Some limitations of our study need to be underlined. We used a rather small sample of a relatively pure, complete, and consistent data set from a randomized controlled trial and the learning curves suggest that our model probably could not be trained to its full potential. Hence, the model calibration could be considered suboptimal; however, from a clinical standpoint, one may consider an overestimation of flare probability safer compared to an underestimation. Furthermore, probability calibration methods such as Platt’s method or isotonic regression can be used for further refinement. Although stacking meta-classifier provided the best accuracy for prediction as a point estimate, the confidence intervals around this suggests only the point estimate for the k-nearest-neighbor method as inferior from a frequentist perspective. To enable robust applicability of our modeling strategy in the future and implementation in the clinical care of patients with RA, it will be helpful to consider larger data sets and to test its use in a controlled clinical care setting.

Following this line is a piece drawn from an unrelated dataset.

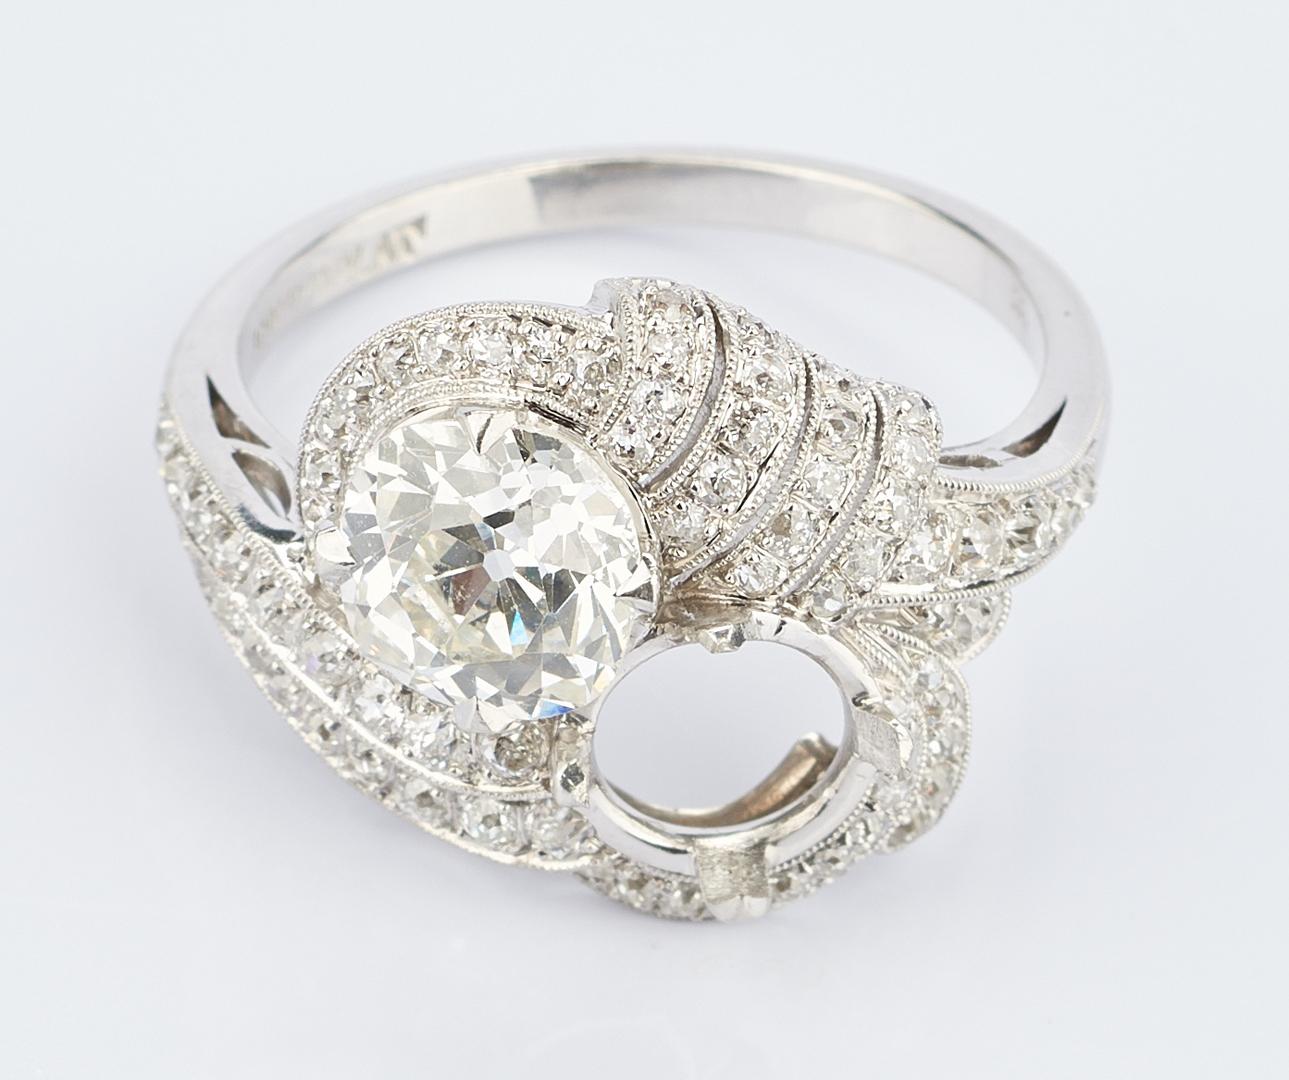 Lot 217: Ladies Platinum Diamond Ring, 1.8 Carats

Our study focused on patients under bDMARD therapy only and thus cannot make any conclusions for the tapering of conventional synthetic DMARDs. This approach was chosen because (i) tapering of bDMARDs is recommended before conventional synthetic (cs) DMARDs [17] and (ii) bDMARD treatment is rather costly as compared to csDMARDs. Finally, our prediction model was very sensitive to missing data and showed a considerable loss of predictive utility even when 5% of the predictor data was unavailable.

Conclusions

Taken together, this is the first study showing that with a machine learning approach and high-quality data from a randomized controlled trial, it is possible to develop a model to predict the individual flare probability in RA patients in remission. Our modeling approach could be used to develop a clinical prediction tool for pilot implementation and prospective testing to further improve RA patient care.